- Theatrical release poster
- Directed by: Susanne Bier
- Written by: Kim Fupz Aakeson
- Produced by: Thomas Heinesen
- Starring: Sidse Babett Knudsen Niels Olsen Rafael Edholm Søs Egelind Lars Kaalund Paprika Steen Sofie Gråbøl
- Cinematography: Jens Schlosser
- Edited by: Mogens Hagedorn Christiansen
- Distributed by: Sandrew Metronome
- Release date: 1 April 1999;
- Running time: 106 minutes
- Country: Denmark
- Language: Danish
- Box office: $5.5 million (Denmark)

= The One and Only (1999 film) =

The One and Only (Den Eneste Ene) is a 1999 Danish romantic comedy film directed by Susanne Bier. The film starred Sidse Babett Knudsen, Niels Olsen, Rafael Edholm, and Paprika Steen in story about two unfaithful married couples faced with becoming first-time parents.

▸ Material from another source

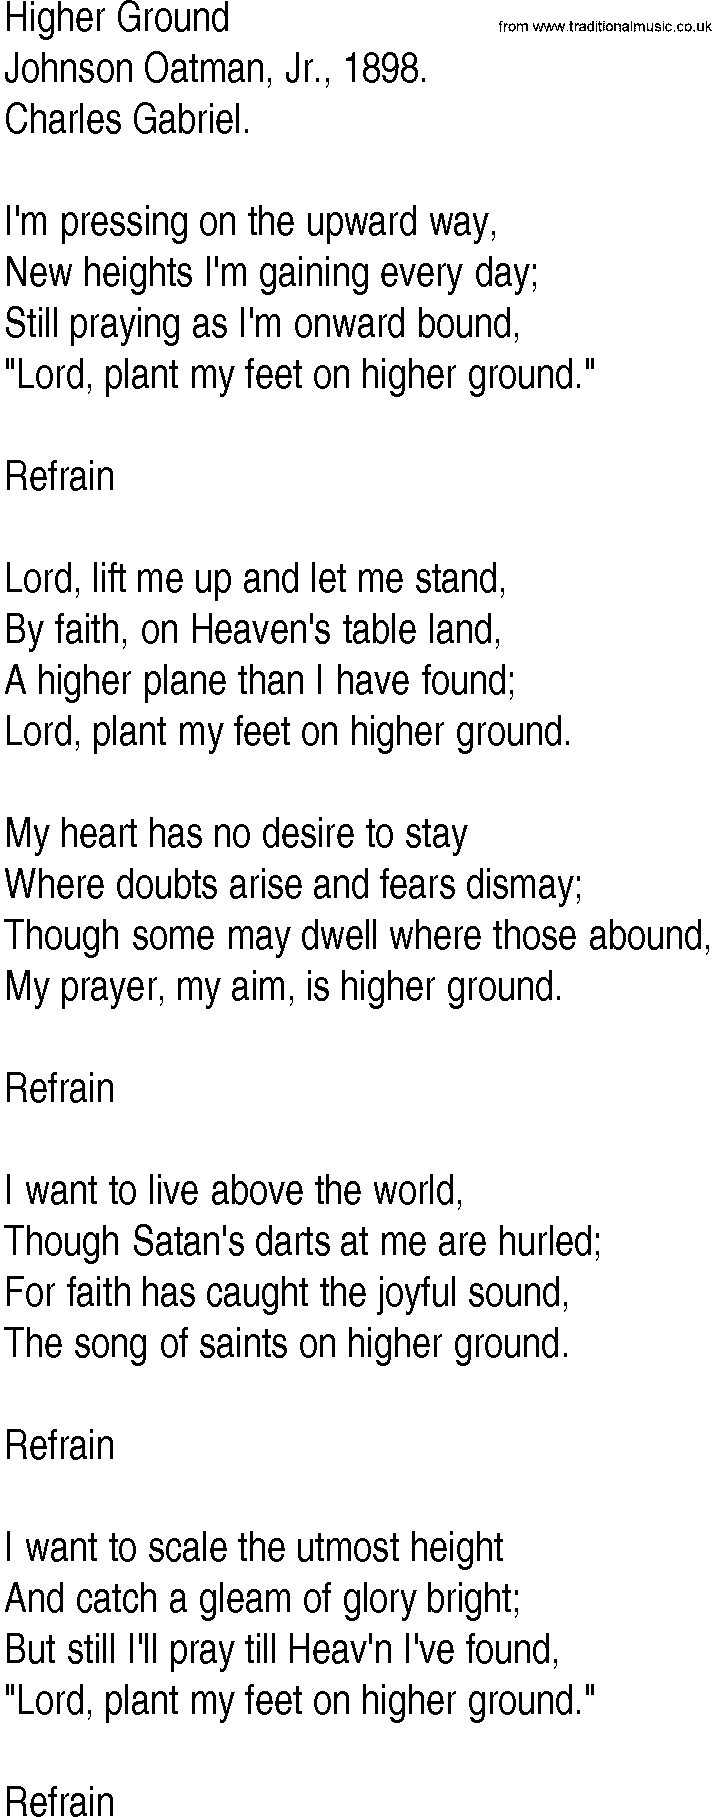 Hymn and Gospel Song: Higher Ground by Johnson Oatman Jr lyrics

The film was considered to mark a modern transition in Danish romantic comedies, and became the third biggest box-office success of the 1990s in Denmark. The film earned both the Robert Award and Bodil Award as the Best Film of 1999.

==Cast==
- Sidse Babett Knudsen as Sus
- Niels Olsen as Niller
- Paprika Steen as Stella
- Søs Egelind as Lizzie
- Sofie Gråbøl as Mulle
- Lars Kaalund as Knud
- Rafael Edholm as Andrea aka Sonny
- Hella Joof as the adoption lady
- Liv Corfixen as beauty clinic customer
- Charlotte Munck as beauty clinic customer
- Klaus Bondam as Priest
- Lars Kjeldgaard as one of the couples with new kitchen
- Jacob Thuesen as one of the couples with new kitchen
- Vanessa Gouri as Mgala
- Jan Hertz as the Doctor
- Berrit Kvorning Beauty clinic chief

==Box office==
The film was the most successful Danish film for 15 years with admissions of 820,000 and a gross of 38.5 million Krone ($5.5 million) in Denmark.